The next day Ali was more like his normal self again, although he chose to play in the lounge rather than in his room. I kept seeing things out of the corner of my eye. Just nervous imagination, I kept telling myself sternly. I focussed on cleaning and cooking, normal housekeeping things. When I saw the orange eyes watching me from the darkness of the walk-in pantry, it was almost a relief.
Friends
AJ Ponder
Vanessa jumped up and down with excitement. ‘Andy, look, it’s Mummy,’ she yelled, trying to pull away from my hand. ‘Mummy, Mummy, today at kindy I learnt rain makes the flowers grow. That’s why it’s no good being hot all the time. Mummy, Mummy, where’s Sookie? Did the vet make her better?’
Mum looked over to a cardboard box on the passenger seat.
I knew what it was. I truly did. But I asked anyway. ‘Where’s Sookie?’
‘Mummy, did the vet make her better?’ Vanessa repeated.
Mum sat in the car, tears streaming down her cheeks as her eyes flicked over to the cardboard coffin. ‘No, dear. Sookie, she’s gone away. She’s – not with us anymore.’
‘Like Daddy?’
‘No, she’s gone – she’s dead. You need to say goodbye.’ With a great effort she got up and reached over to the passenger seat.
‘It’s OK, Mum,’ I said, taking the box and almost dropping it. It felt weird, like Sookie was alive and sliding around on the inside.
‘Andy, just put it on the steps for now,’ Mum said.
I had hardly put it down before Vanessa rushed over to flip the lid open, as if this was a special present just for her. Not quite ready to look yet, I turned away.
‘But Mummy, Sook
ie’s not gone. She’s right here.’
I adjusted my glasses and peeked in. Sure enough, there she was. Silver-grey fur. Cold nose. Eyes closed as if in sleep.
‘Mum? Is she really dead?’ I asked.
‘Yes, Andy. We’ll have a funeral and bury her in the backyard, but first you really should say goodbye.’ Mum stroked Sookie’s head and murmured something I didn’t hear, because – and I admit it – I was crying. A little.

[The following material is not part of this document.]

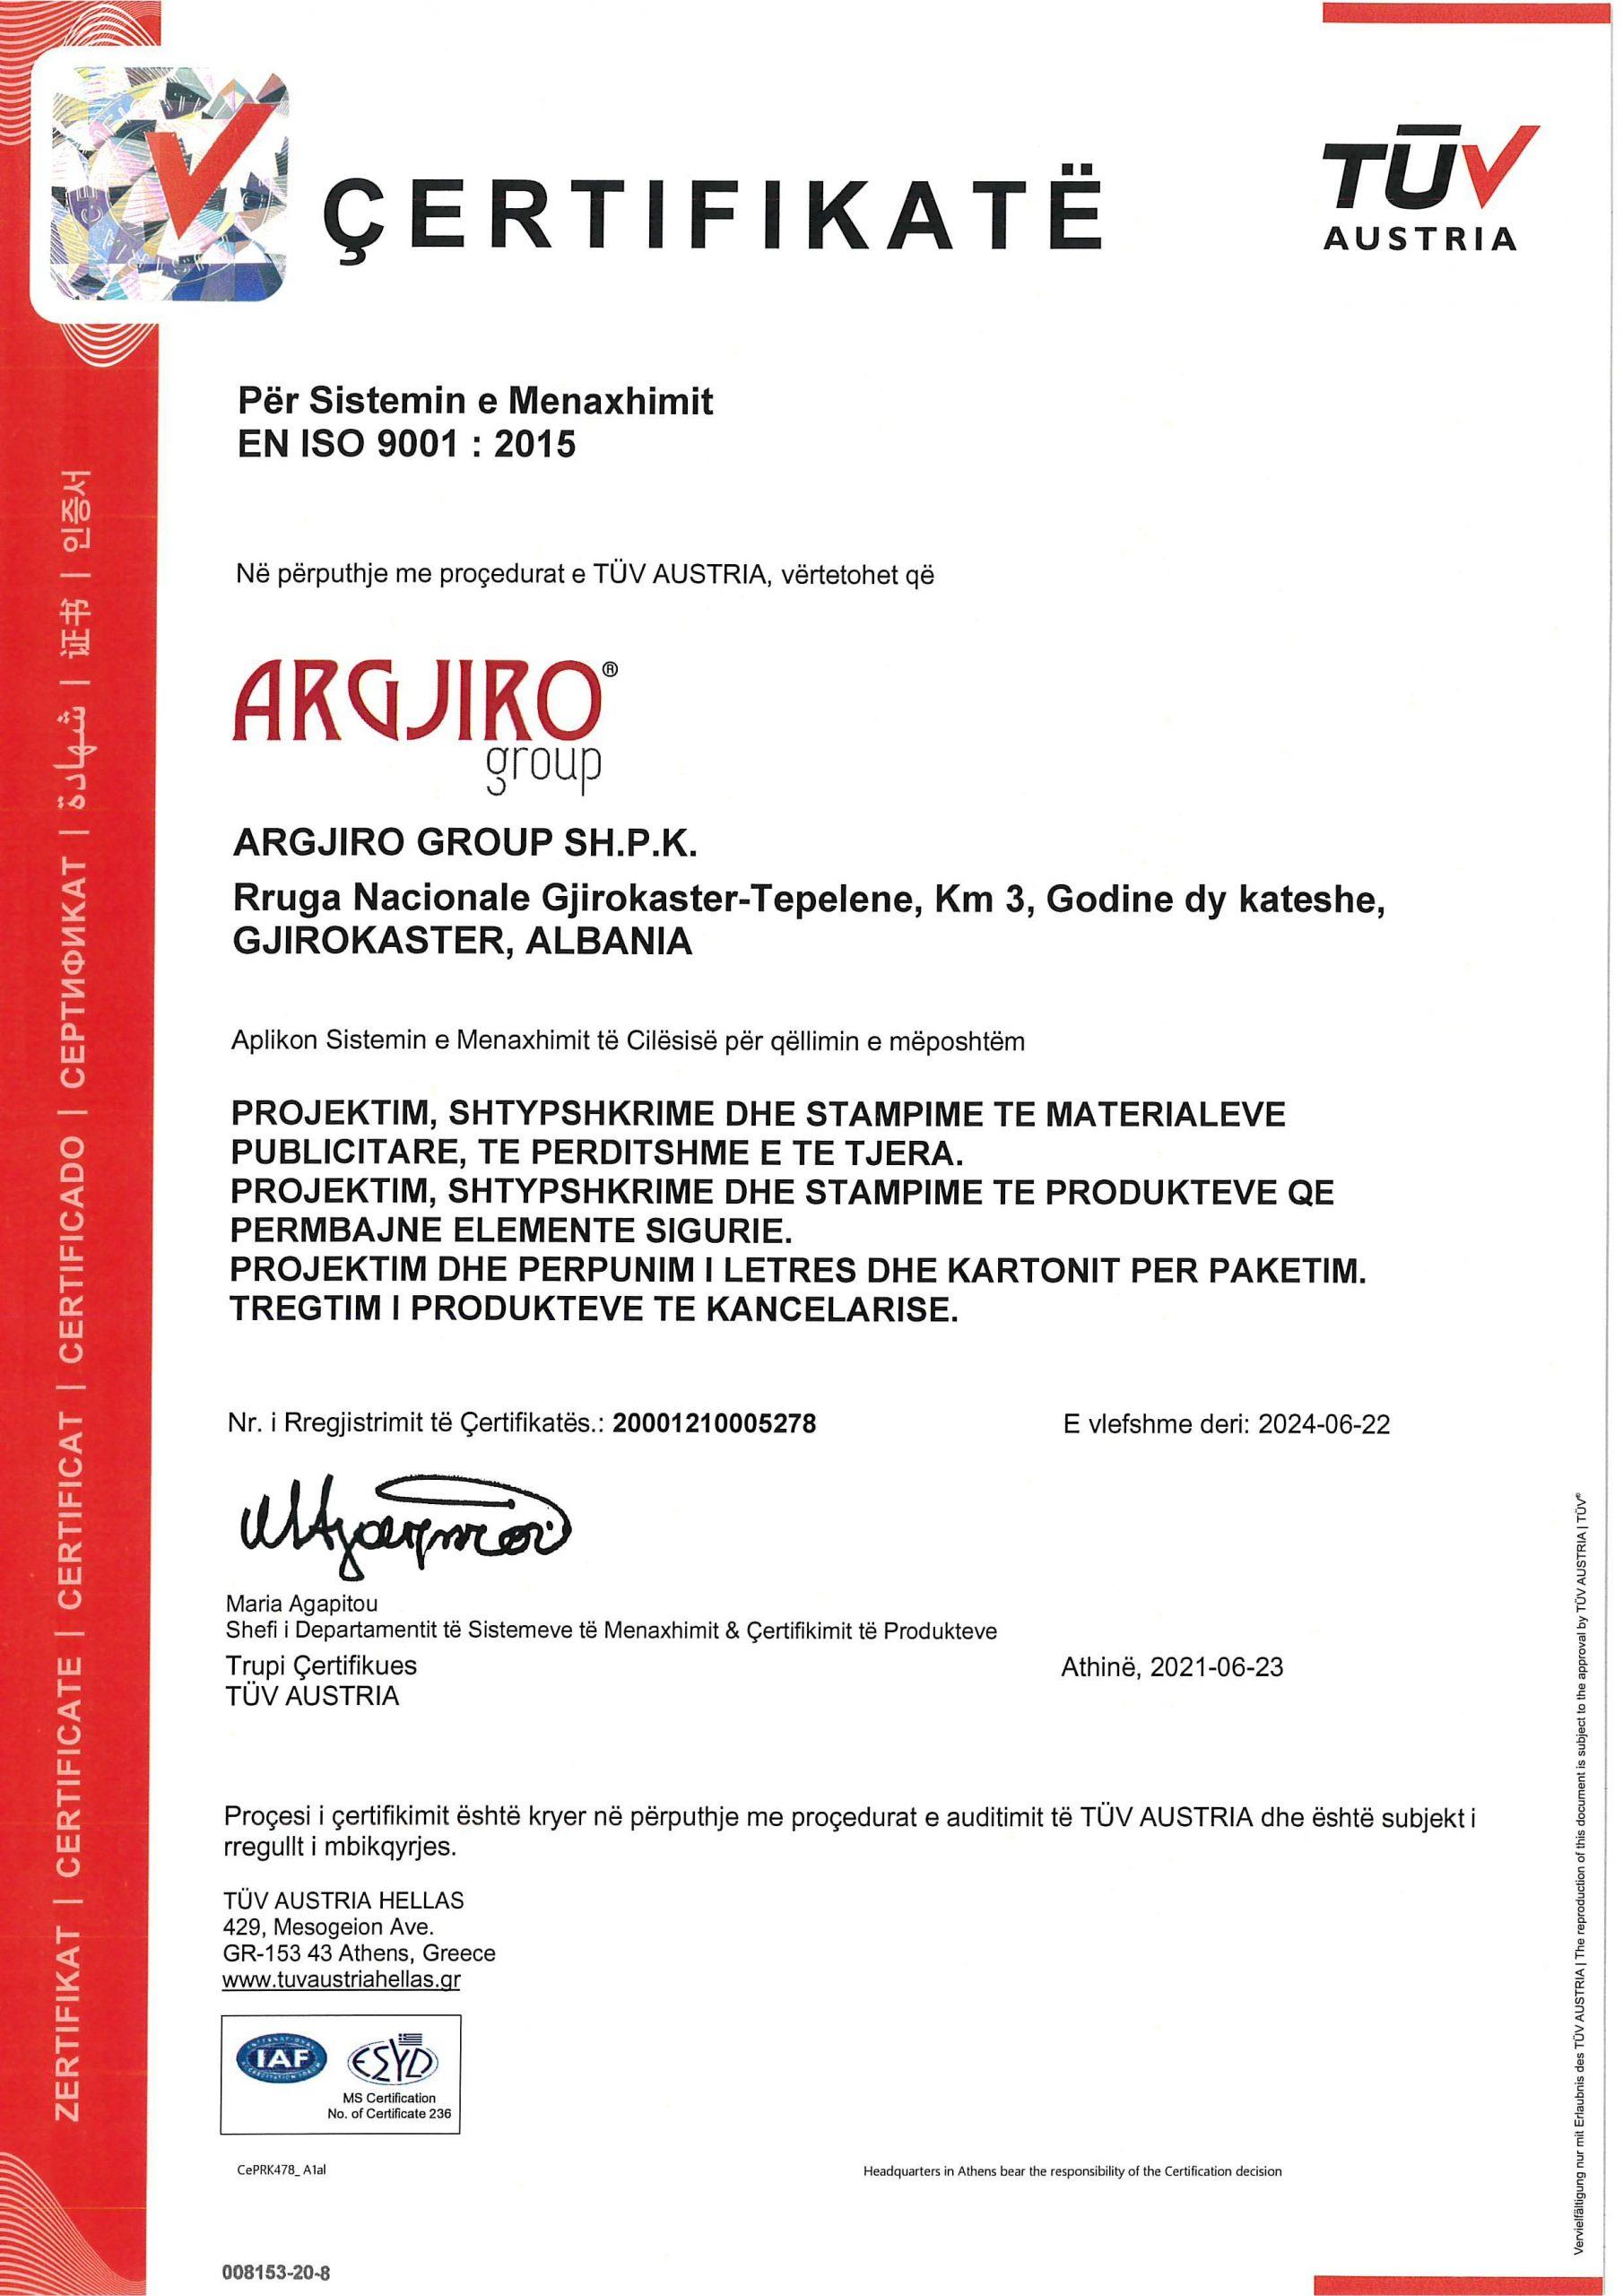 Argjiro GROUP- Certifikata TUV EN ISO 9001 AL

But not Vanessa. She just nodded. ‘OK, Mummy.’ Her little three-year-old hand reached out to caress Sookie’s shoulder, ruffling the sleek fur. ‘Goodbye Sookie. Can I go now?’ she demanded before I’d gathered the nerve to say a final goodbye. I didn’t think I was going to. Only the ruffled fur was – wrong. Carefully, I stroked it back into place.
‘Can I go now?’ Vanessa kept on repeating.
At last Mum sighed. ‘I’m going to go and dig the grave. Andy, you could help or look after Vess. Your choice.’
‘I can dig, too,’ Vanessa said. ‘I’m a big girl. I’m almost four.’
Just great. She was useless. Hardly able to pick the spade off the ground, she cheerfully cried, ‘I’m digging. I’m digging a hole all the way though the garden and out the other side.’
Ten seconds later she reviewed her progress, chubby fingers poking at the broken dirt. Satisfied it was sufficiently scratched, she wandered off.
‘I know Sookie will want some flowers,’ Mum said, taking the spade.
‘Why?’ Vanessa asked, face screwed up as if she was doing extremely difficult maths.
‘Because that’s what you do when people – best friends – die. Sookie was your best friend wasn’t she?’
A solemn nod. Then she began picking daisies and buttercups, while I trailed behind. ‘Do you like milk, Sookie?’ she said, twirling a buttercup under Sookie’s chin.
Where’d she heard that? Not me. I would have asked, ‘Do you like butter?’ That’s much more sensible. Well, it is with people anyway.
Mum called me over. ‘Your turn.’ She was wiping sweat away from her eyes. I couldn’t help but notice she was digging close to the retaining wall, a fair way away from where Vanessa had started.